Babymetal are scheduled to perform on on Tuesday, October 1, at Marquee Theatre in Tempe.
Babymetal are scheduled to perform on on Tuesday, October 1, at Marquee Theatre in Tempe. MSO PR
The Valley’s concert scene is about to get very busy. Over the next seven days and nights, the fall festival season will really get going, local arts centers will awaken from their summer slumber, and big names and music legends have gigs happening a local venues.

For proof, check out the following list of the biggest shows happening in the Valley from Friday, September 27, to Thursday, October 3. It includes such extravaganzas as the Goldrush, Sandbox, and Hay Day music festivals, as well as concerts by such notable performers as Jenny Lewis, Charli XCX, Babymetal, Rakim, Flogging Molly, Social Distortion, and others.
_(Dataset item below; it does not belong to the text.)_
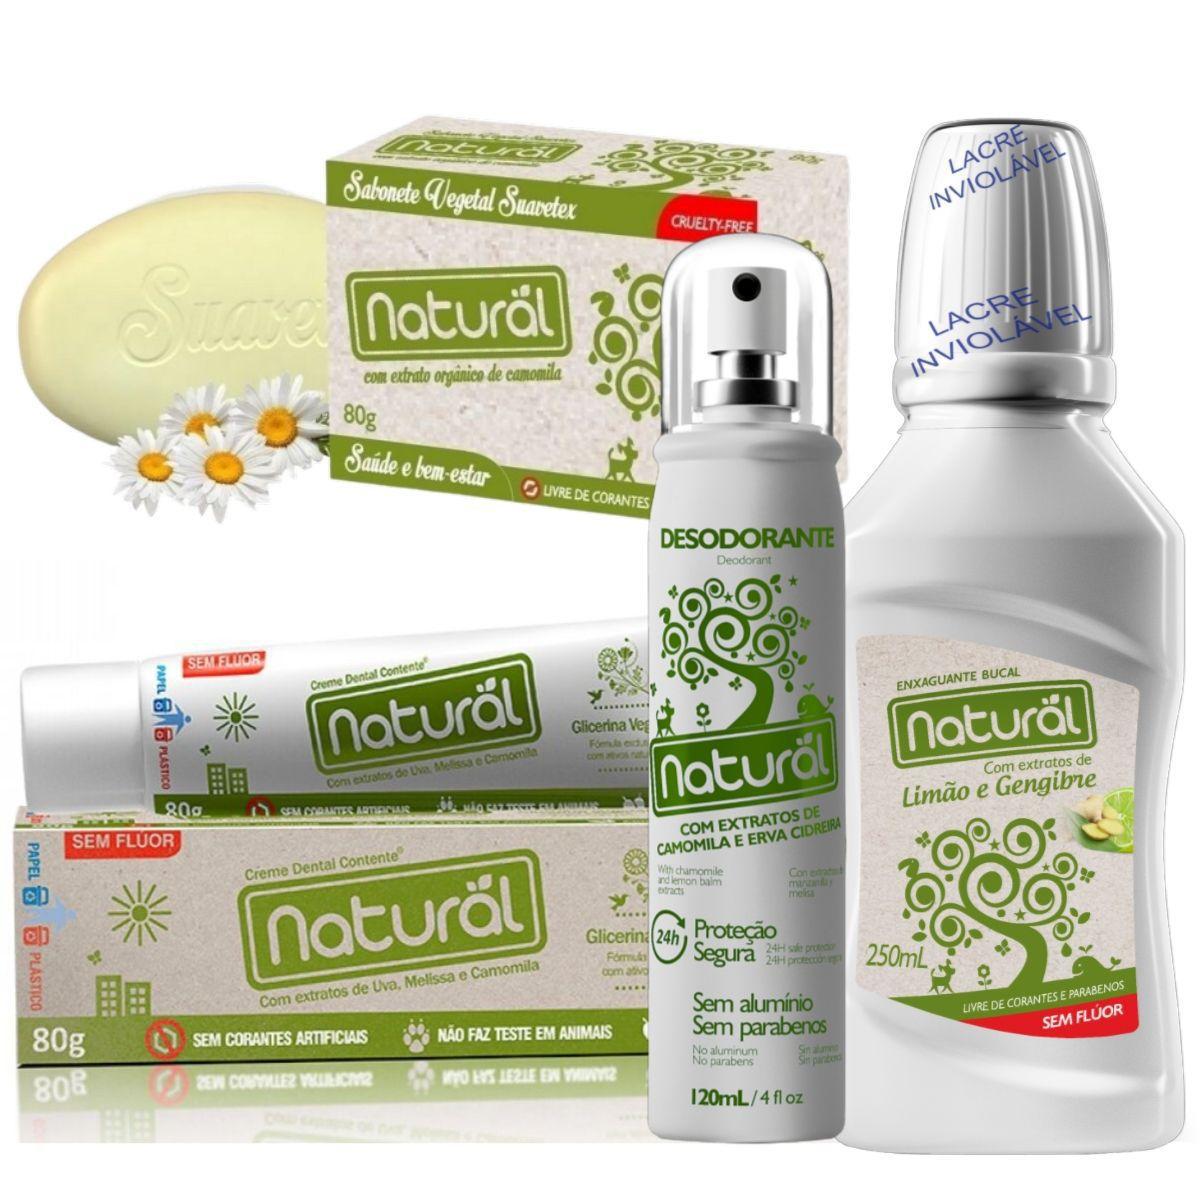 Kit Creme Dental 80g + Desodorante Spray 120ml + Enxaguante Bucal 250ml + Sabonete Orgânico de Camomila 80gr - Orgânico Natural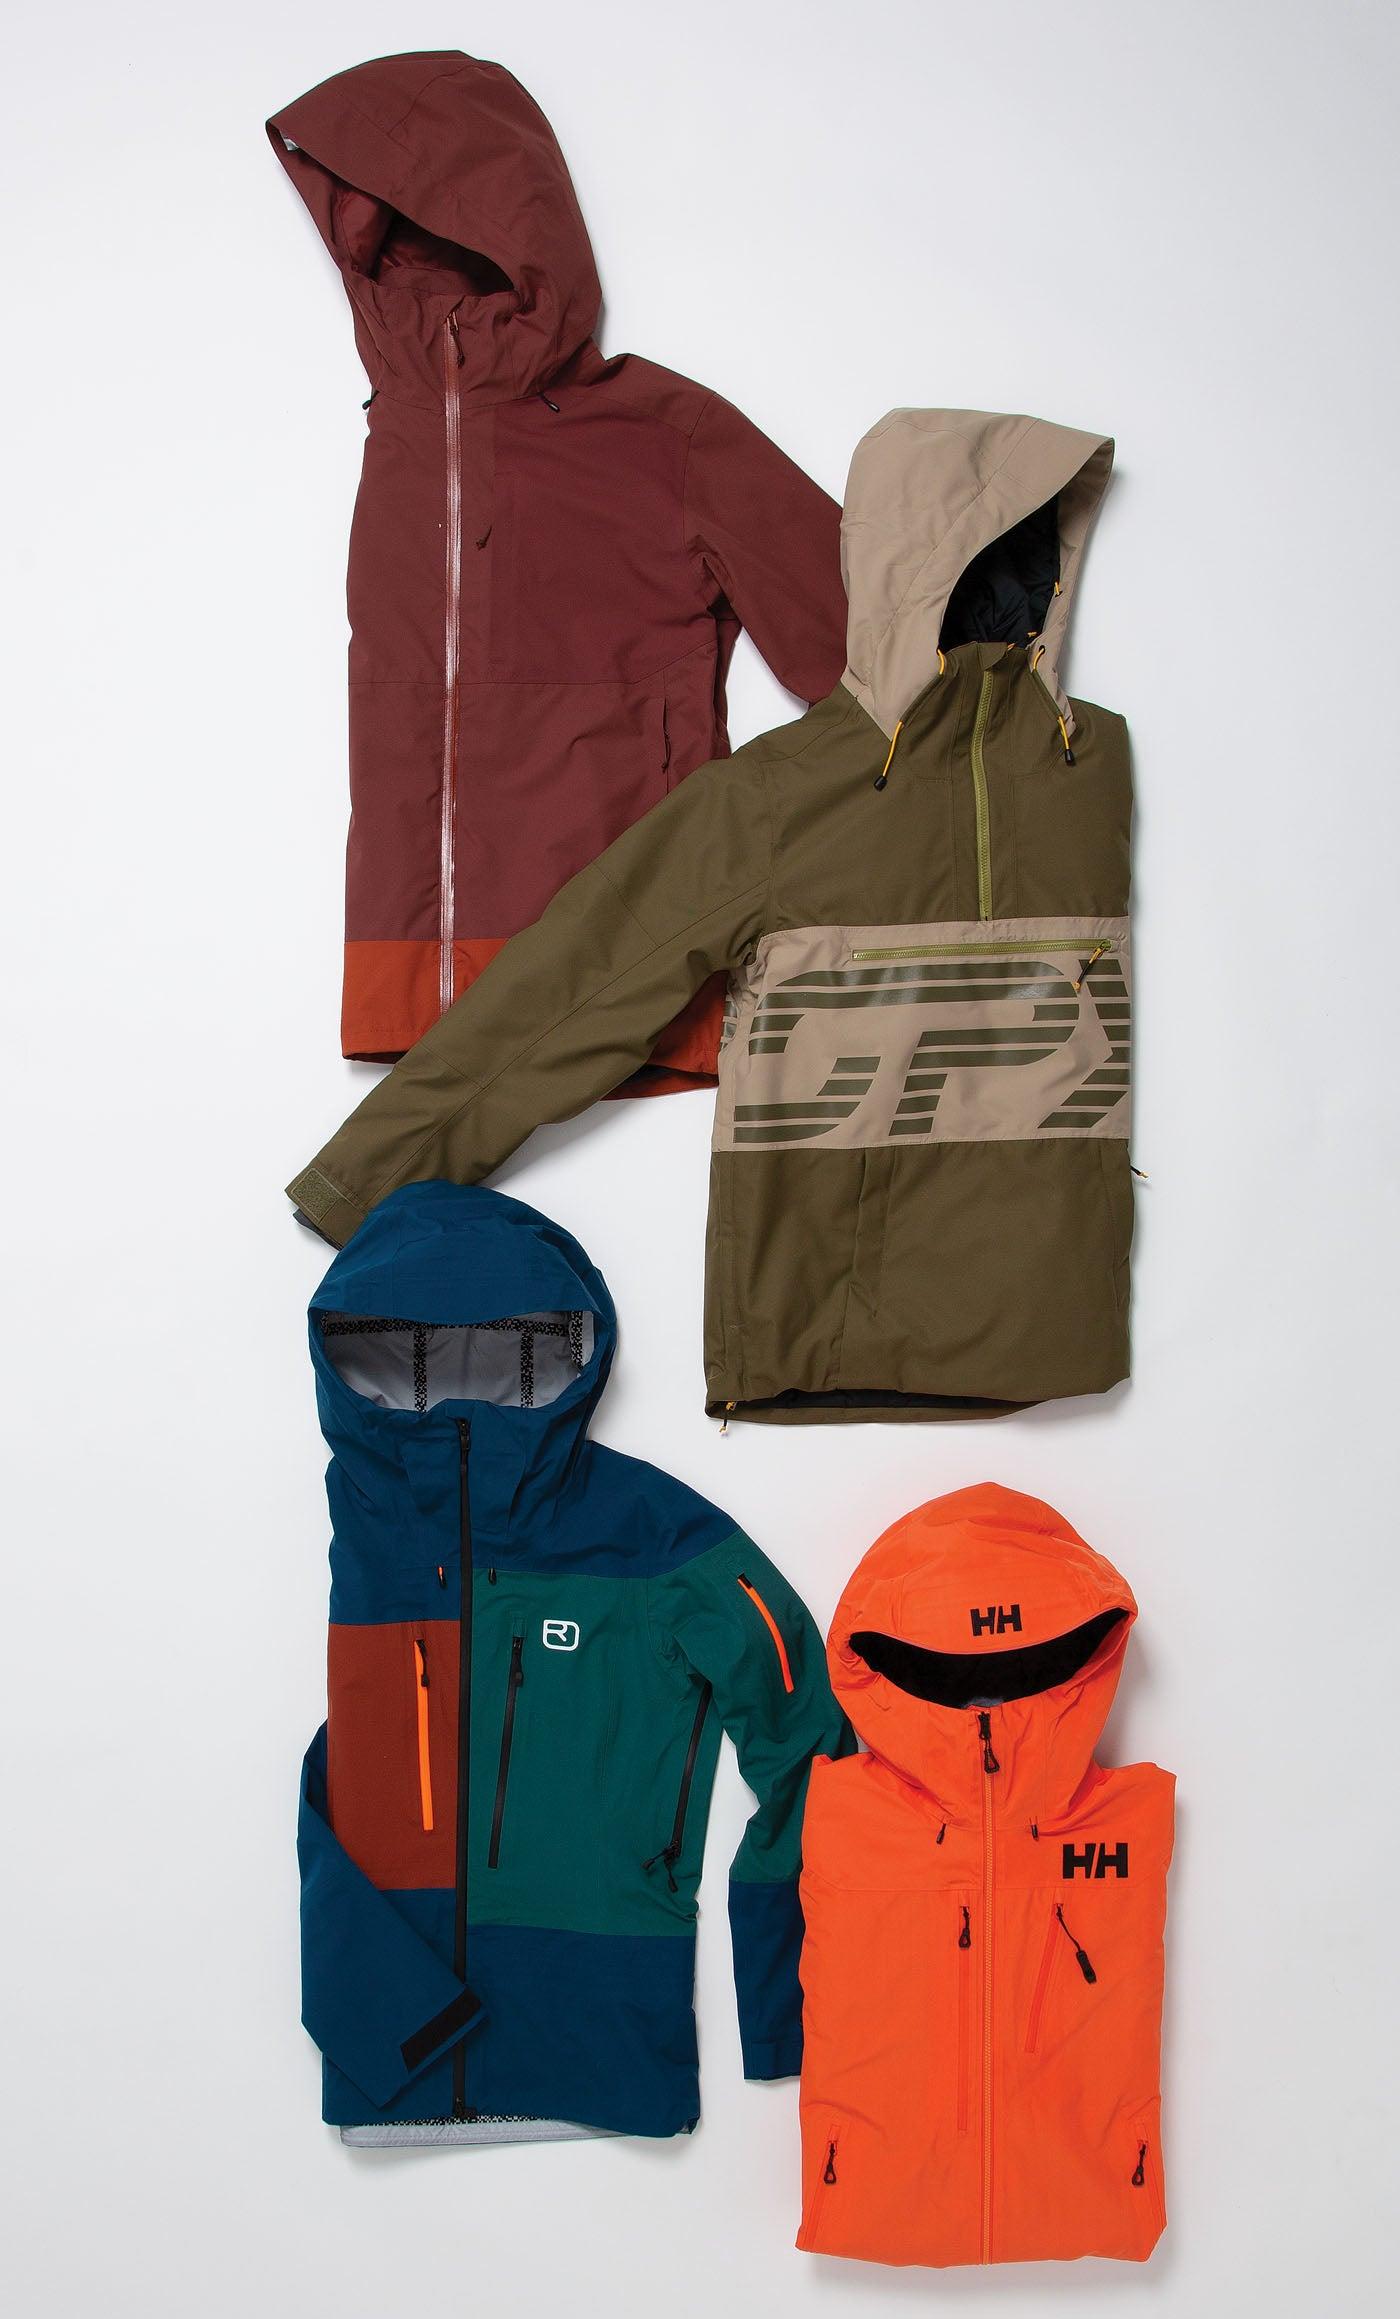 Men's Best Ski Jackets 2022

Details for each of these shows can also be found below. And for even more live music happening locally over the next week, hit up the Phoenix New Timesonline concert calendar.

Scott H. Biram

Friday, September 27
The Rhythm Room

Mr. Scott H. Biram is nothing short of a total and complete badass mofo. First of all, he is the one man in his namesake one-man band, and his many quality releases over two decades or so have proved he doesn't need anyone else to help him get the job done, and done well. From vocal duty to playing guitar and percussion, Biram delivers his style of hillbilly country with a vengeance — tangling it up with elements of punk, blues, metal, classic rock, and an undeniably ferocious spirit.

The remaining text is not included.